In terms of Python experience, if you have some experience with numpy, Python programming, etc, you should be good for the course.
Course Objectives
By the end of this course, successful students will be able to:
- Model real-world problems using tools from linear programming, integer programming, satisfiability solving, and game theory.
- Select and apply appropriate algorithmic tools (e.g., LP solvers, SAT/SMT solvers, global optimization methods) to solve complex engineering and decision-making problems.

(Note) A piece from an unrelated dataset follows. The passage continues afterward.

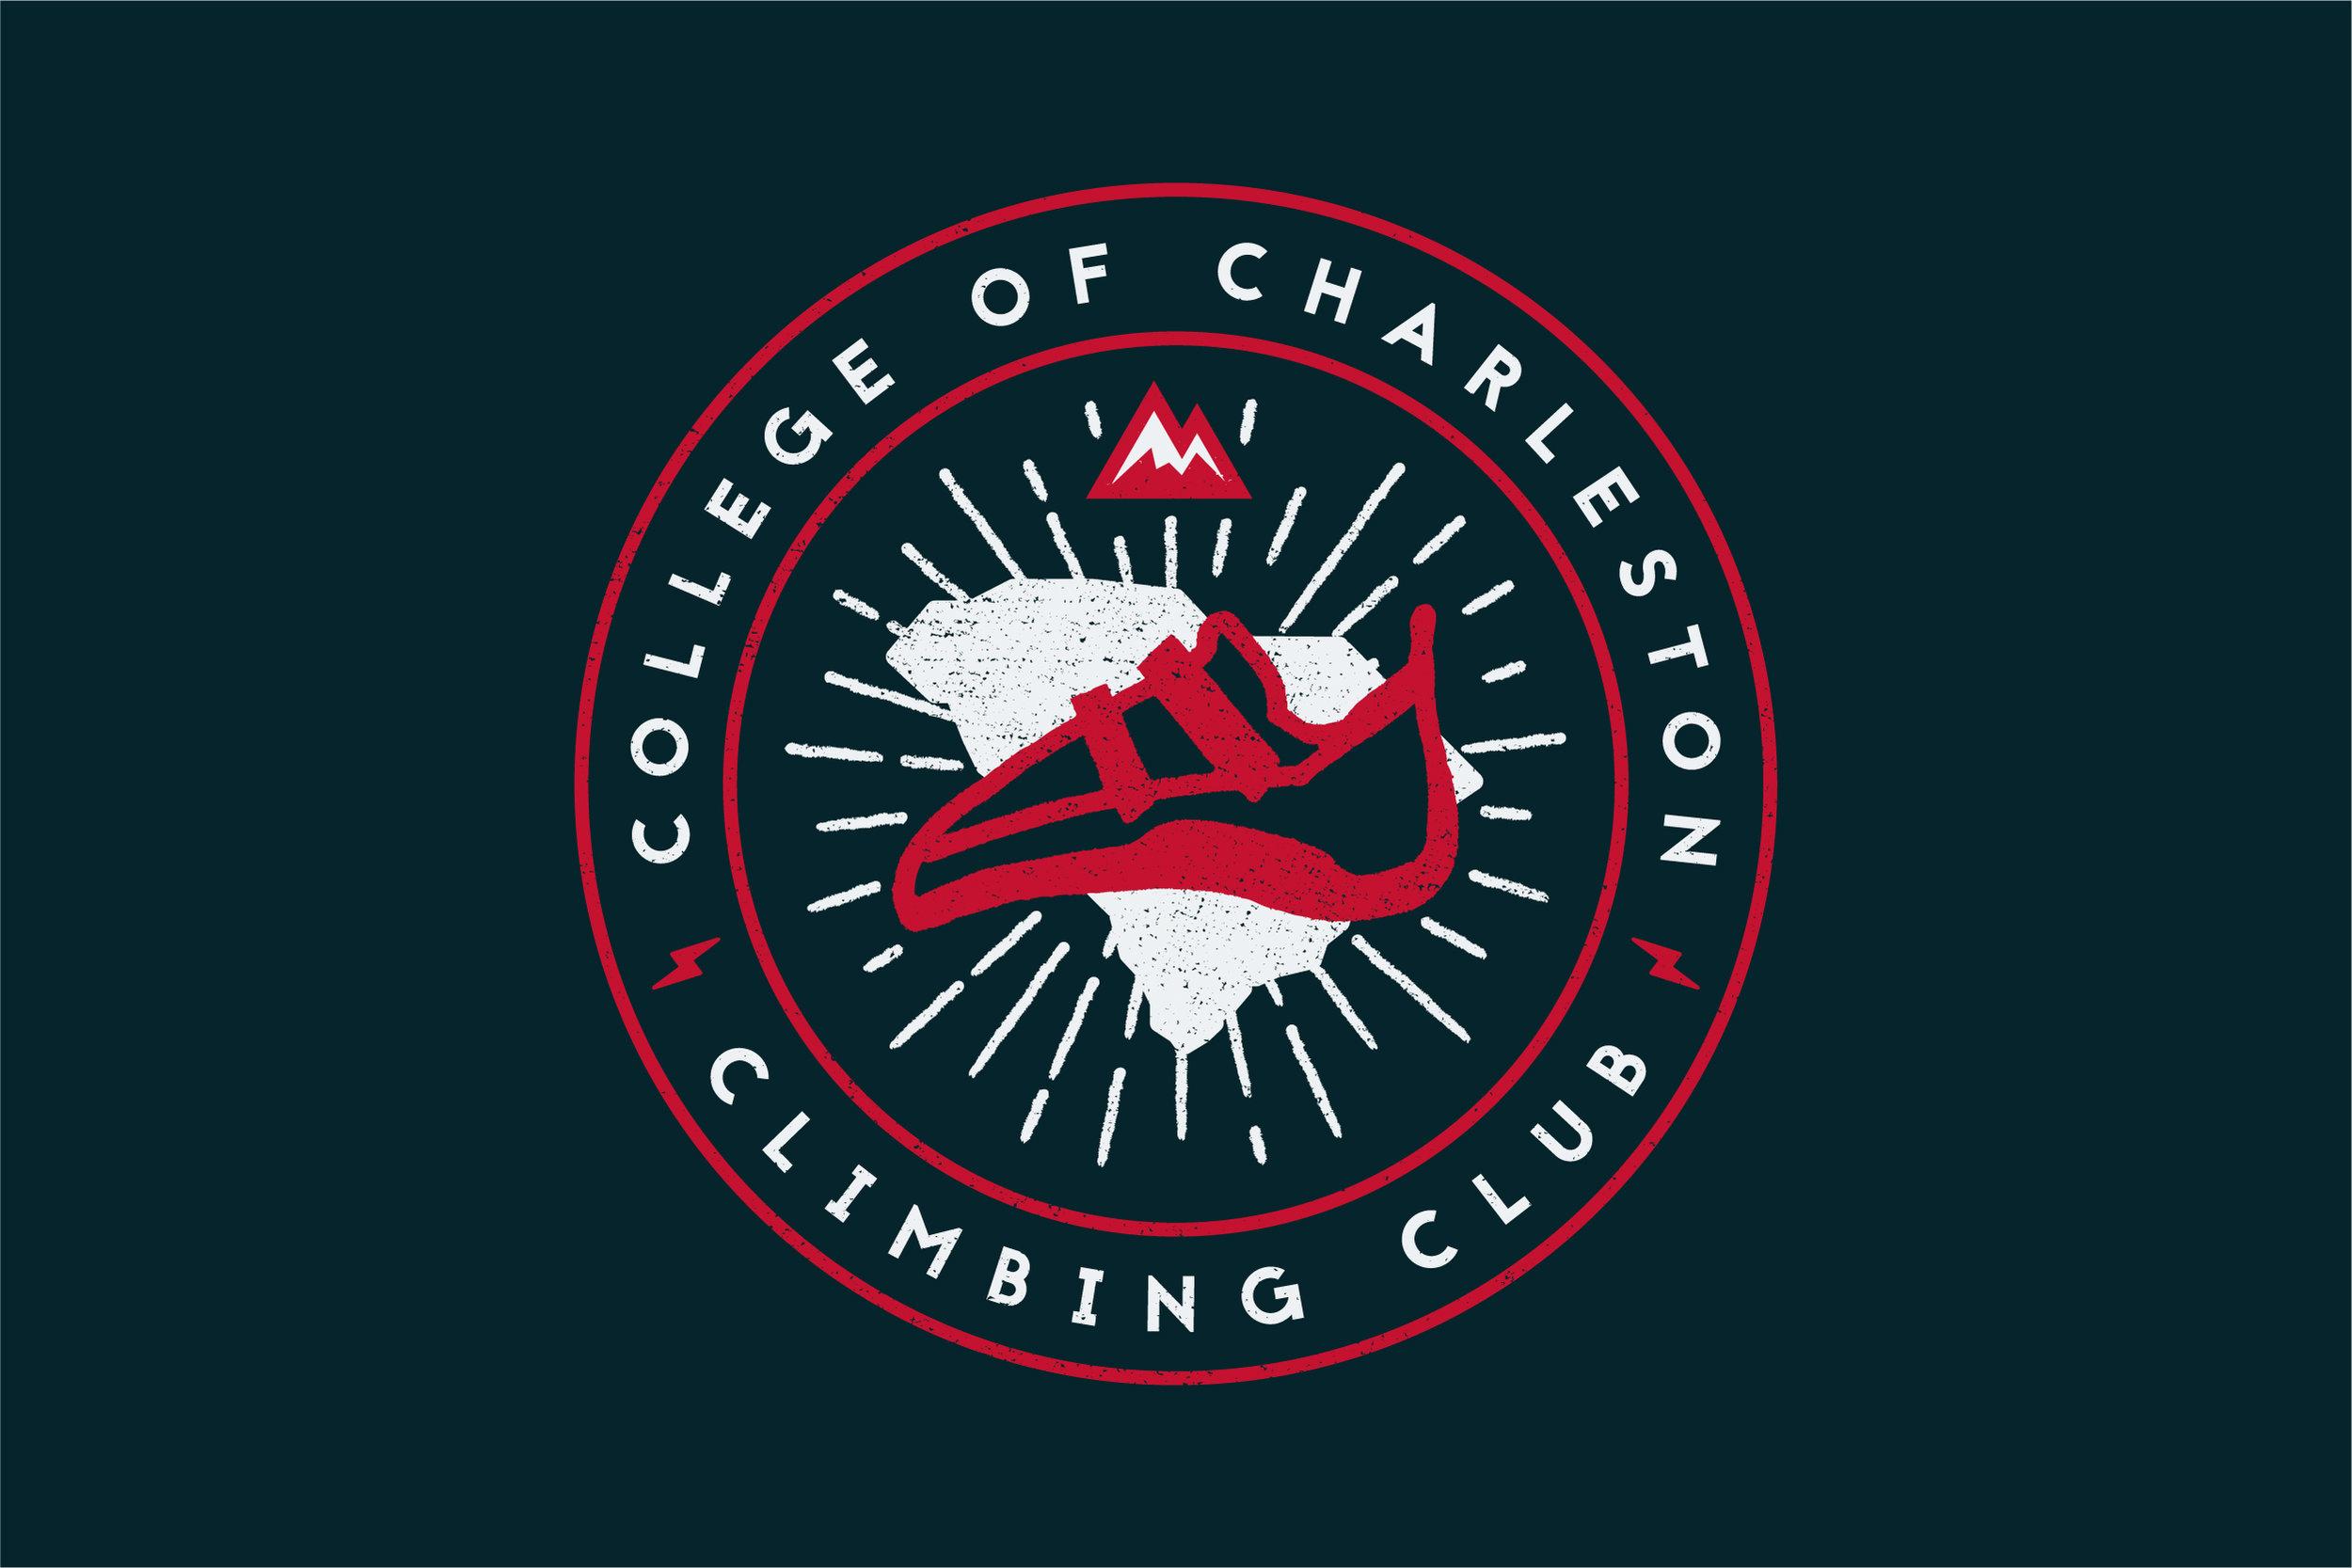 CofC Climbing Club-02.jpg

- Understand the core theoretical foundations of the tools used (e.g., duality in LP, CDCL in SAT solvers, basic auction theory) to better guide their practical application.
- Use modern optimization software (e.g., Gurobi, Pyomo, SCIP, Z3, PySAT) to formulate and solve problems efficiently.
- Compare and integrate multiple solving strategies, including exact, heuristic, and hybrid approaches, depending on the structure and scale of the problem.
- Translate abstract problems into formal models, including constraints, objectives, and variables suitable for solver-based techniques.
- Develop practical implementations of algorithms for scheduling, verification, planning, and fair resource allocation.
- Explore emerging applications, such as LLM-assisted program synthesis and solver-driven automation in AI pipelines.